Sergio Mariotti

Personal information
- Born: 10 August 1946 (age 79) Florence, Italy

Chess career
- Country: Italy
- Title: Grandmaster (1974)
- Peak rating: 2500 (January 1980)
- Peak ranking: No. 86 (January 1975)

= Sergio Mariotti =

Italian chess grandmaster (born 1946)

Sergio Mariotti (born 10 August 1946) is an Italian chess player. He is the first Italian to achieve the title of Grandmaster, which FIDE awarded him in 1974. As of August 2023, his FIDE Rating is 2240.

==Career==

Born in Florence, he became the Italian junior champion in 1965 at Turin and in 1969 at San Benedetto, the full Italian Champion. One of his greatest tournament successes followed in 1971 when he finished second at Venice (after Walter Browne and ahead of Vlastimil Hort, Lubomir Kavalek and Svetozar Gligorić).

Mariotti represented his country at the Chess Olympiad in 1972, 1974, 1986 and 1988. At the Olympiad of 1974, held in Nice, he scored a double success. A board one score of 73.7% (+12 =4 −3) earned him the individual bronze medal (behind Anatoly Karpov and Alberto Delgado, jointly with Eugenio Torre), while also securing his final grandmaster norm. As no Italian before him had achieved the title of International Grandmaster, he gained overnight celebrity status when the honour was bestowed on him the same year. Around this time, British Chess Magazine nicknamed him "The Italian Fury", due mainly to his formidable collection of tournament wins, but also for his enterprising, tactical style of play.

He was victorious in many international tournaments, including Naples 1968, La Spezia 1969, Naples 1969, Reggio Emilia 1970, San Benedetto 1970, Bari 1971, and Rovigo 1976. He won the Rilton Cup (Stockholm) in 1976/77 and triumphed at Lugano in 1979.

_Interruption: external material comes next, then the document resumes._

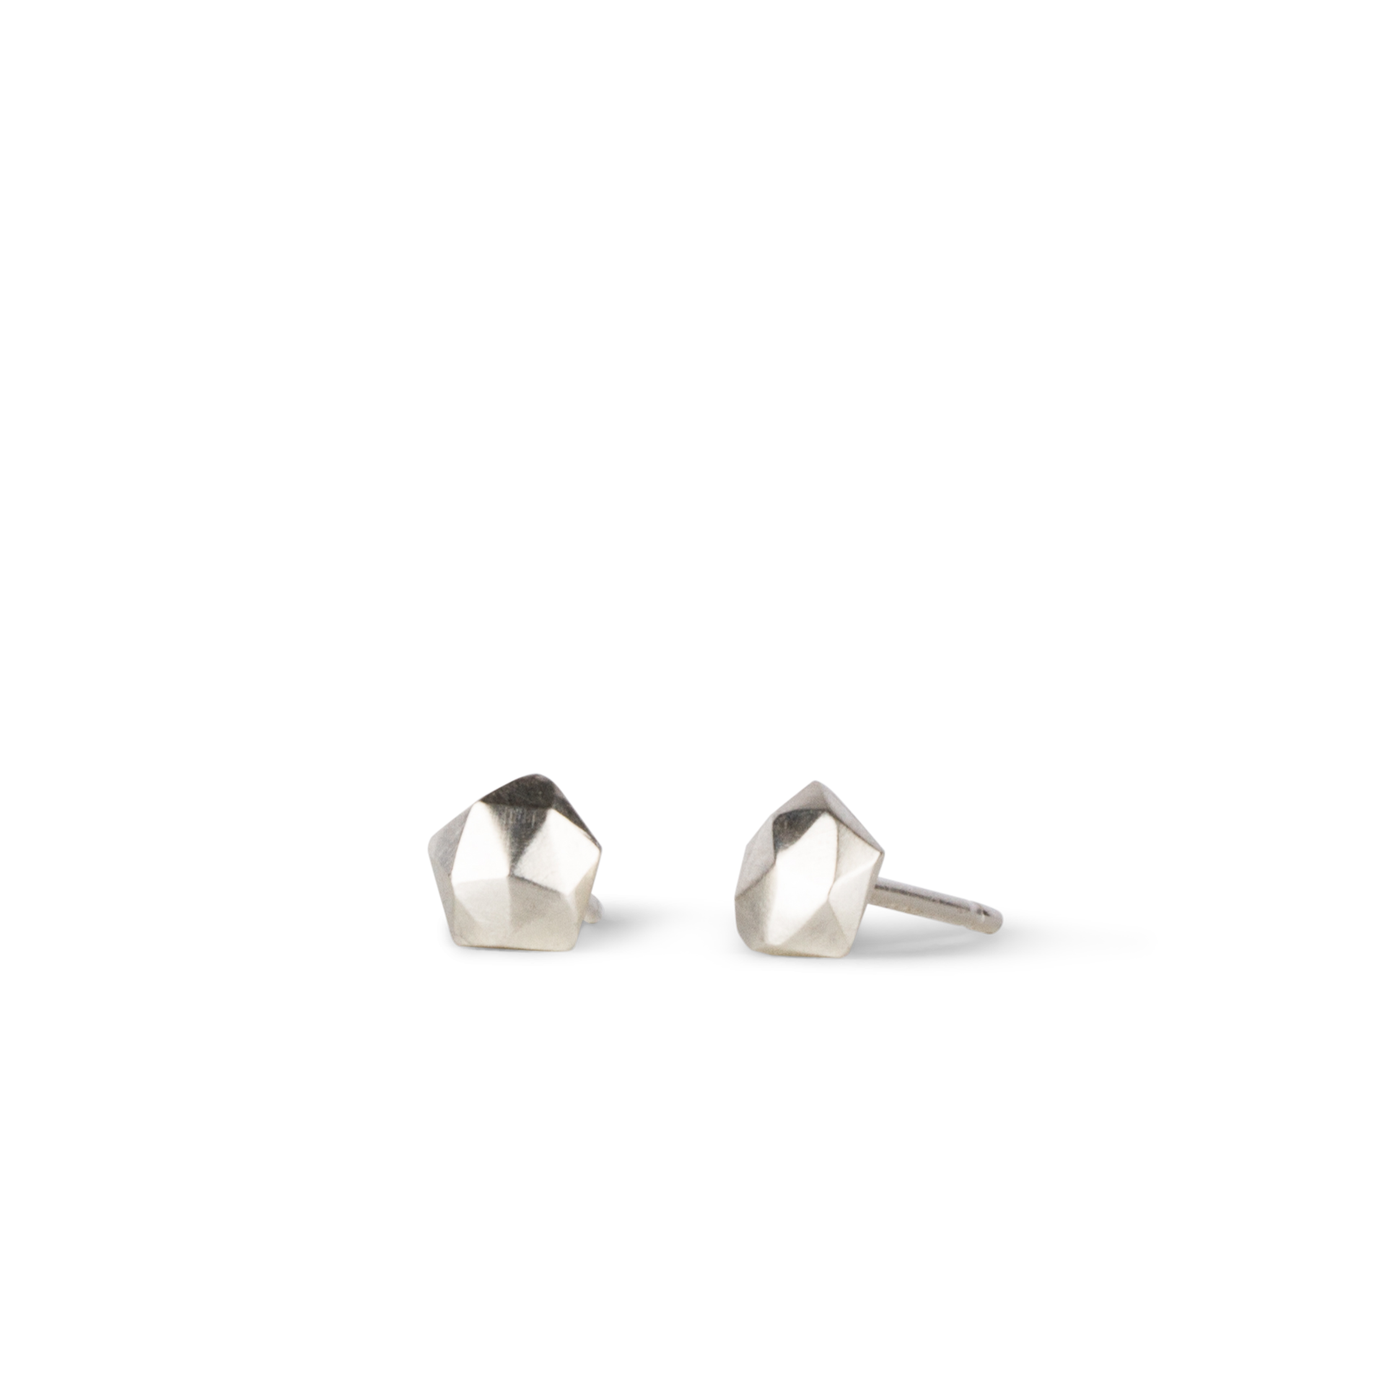 sterling silver micro size geometric faceted stud earrings by Corey Egan on a white background
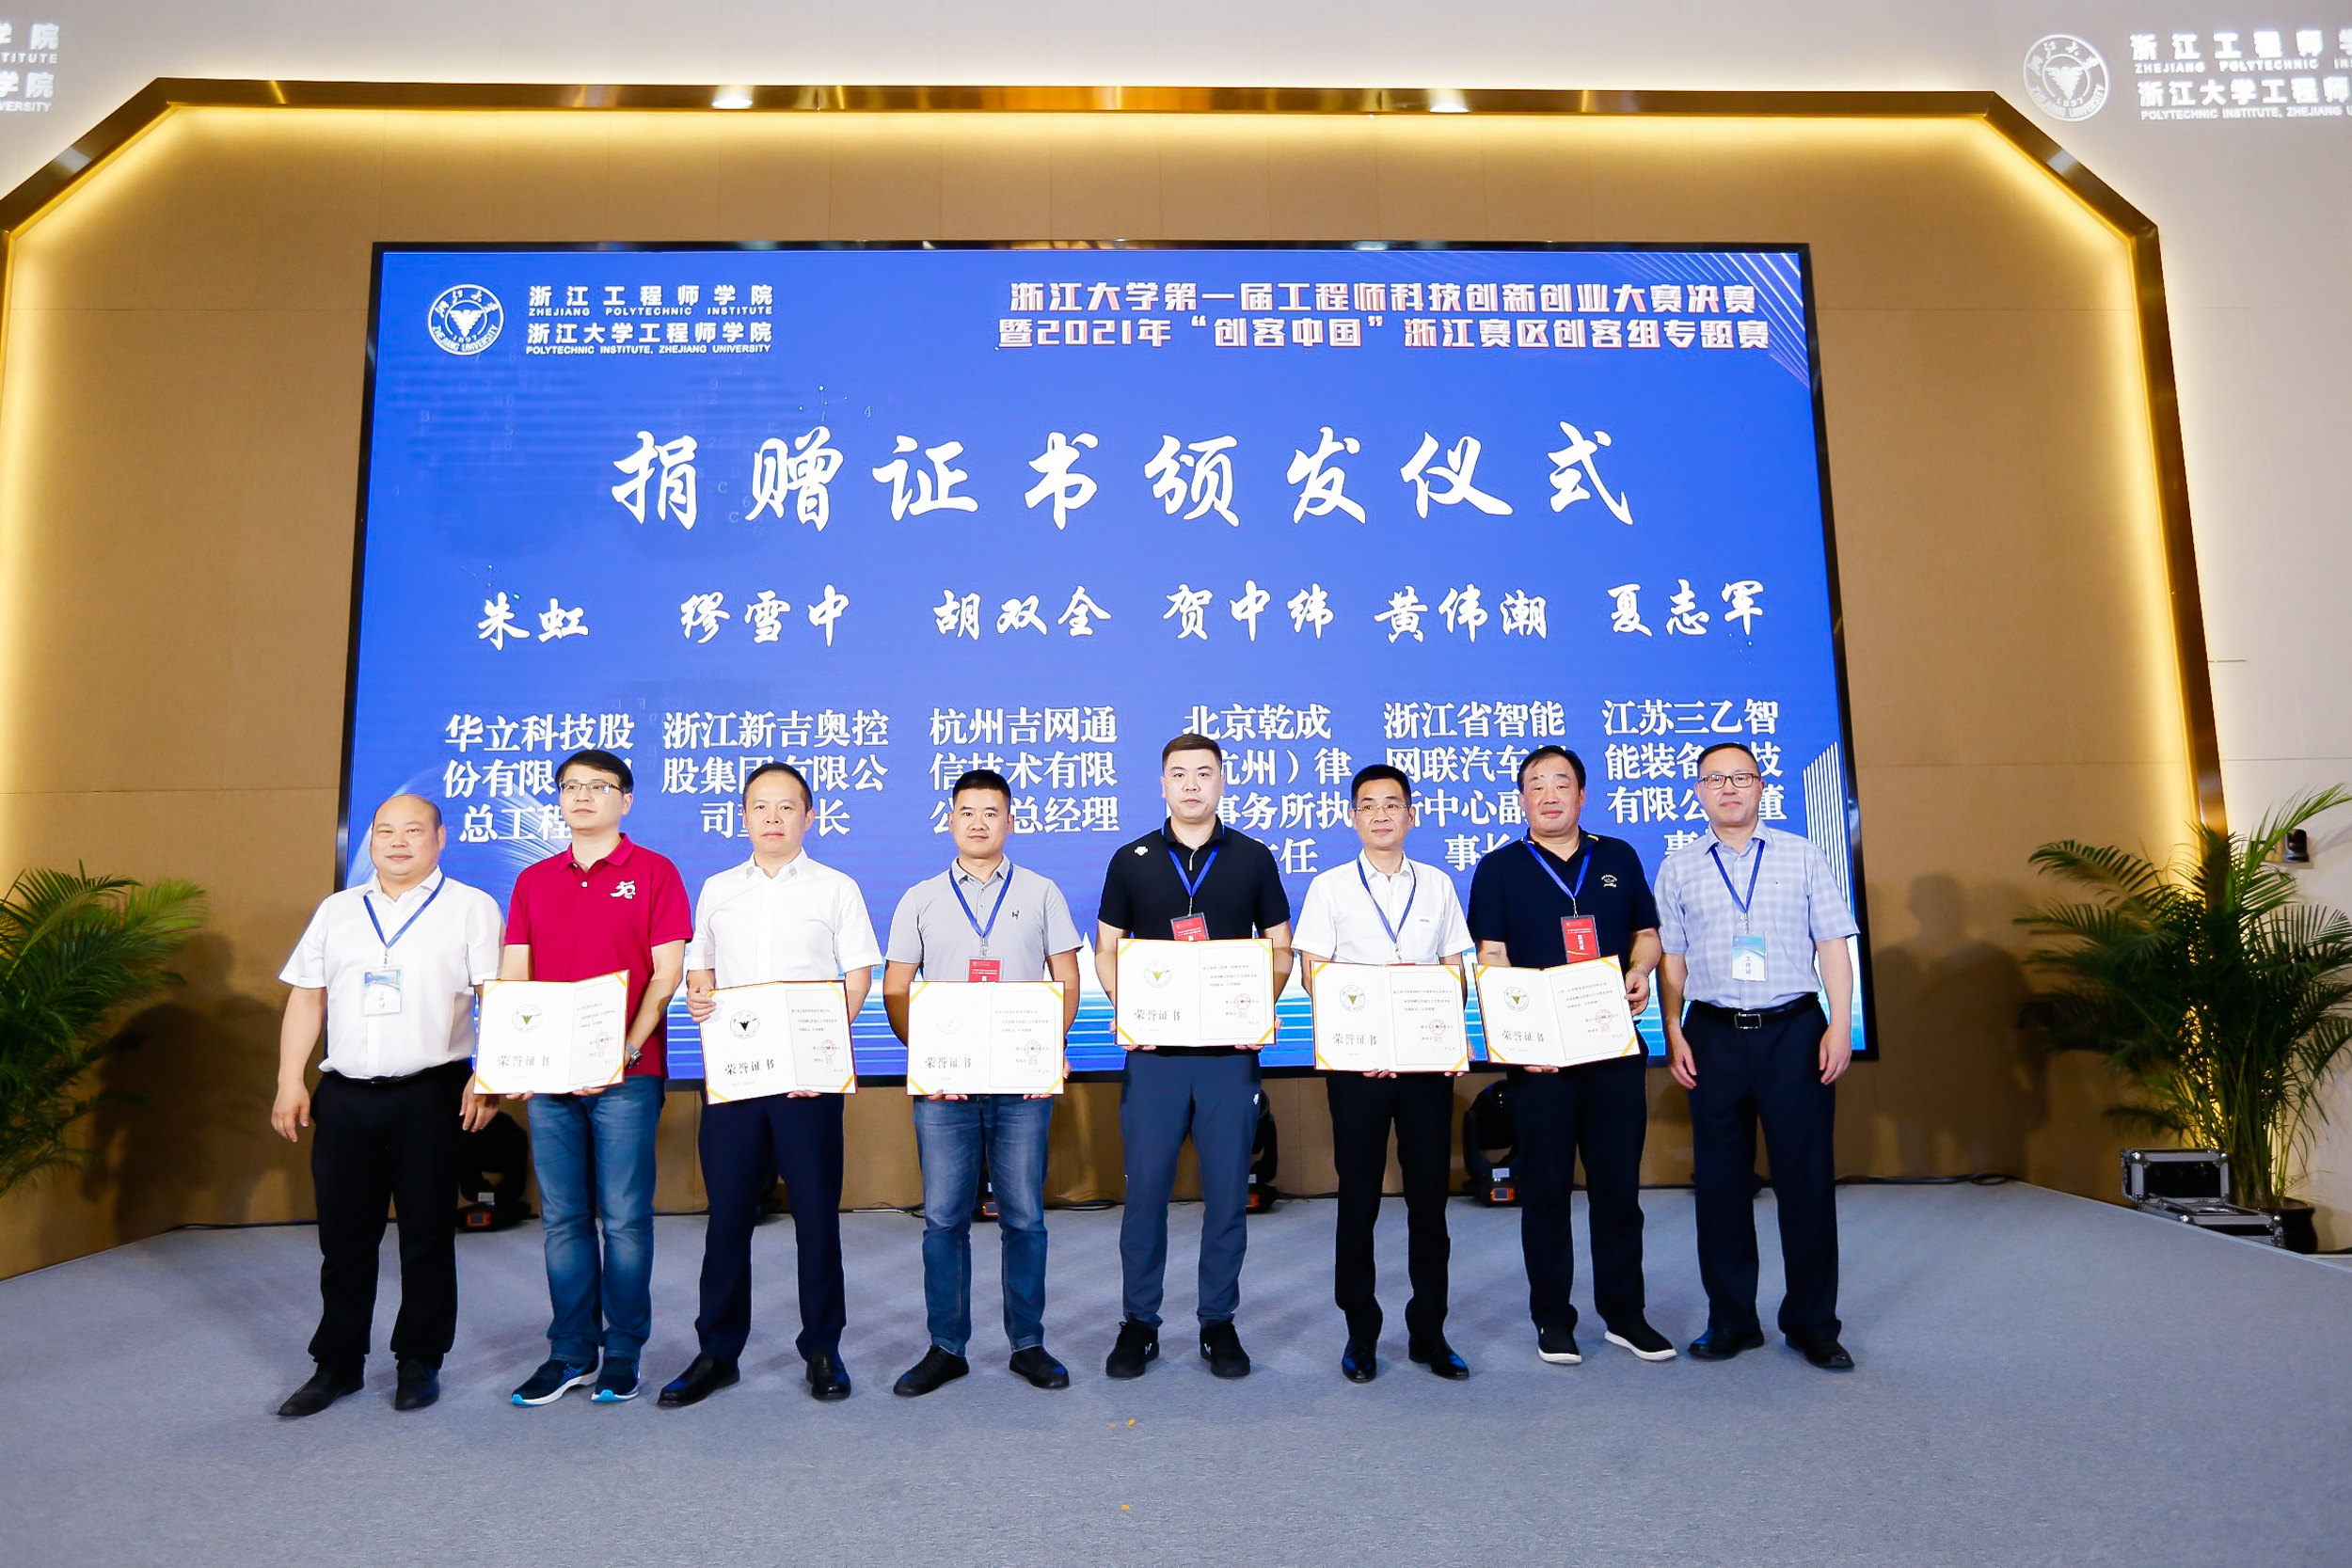 Holley Technology joins hands with Zhejiang University to start a new journey of school-enterprise cooperation

With regard to world championship qualification attempts, he won at the Caorle zonal of 1975 and play-off match vs. Joaqim Durao to qualify for the prestigious Manila Interzonal of 1976, where he finished joint 10th (with Boris Spassky, Wolfgang Uhlmann and Florin Gheorghiu). The result was insufficient to advance to the Candidates' Matches. At the Praia da Rocha zonal tournament of 1978, he finished fourth, one place away from Interzonal qualification.

His choice of chess opening often revolved around the Sicilian Defence or Ruy Lopez, where he was comfortable with either colour. Occasionally, his fans were treated to old-fashioned, romantic openings such as the Evans Gambit and Albin Counter Gambit, and these brought him surprising success.

Mariotti became an advisor for an Italian publisher and worked for the Italian Chess Federation (FSI), where he was President between 1994 and 1996. As a precursor to the Turin Olympiad of 2006, he played a website game against the 'Rest of the World' and won in 48 moves. He again played a match against the 'Rest of the World' between October 2018 and March 2019; this second match ended in a draw in 20 moves.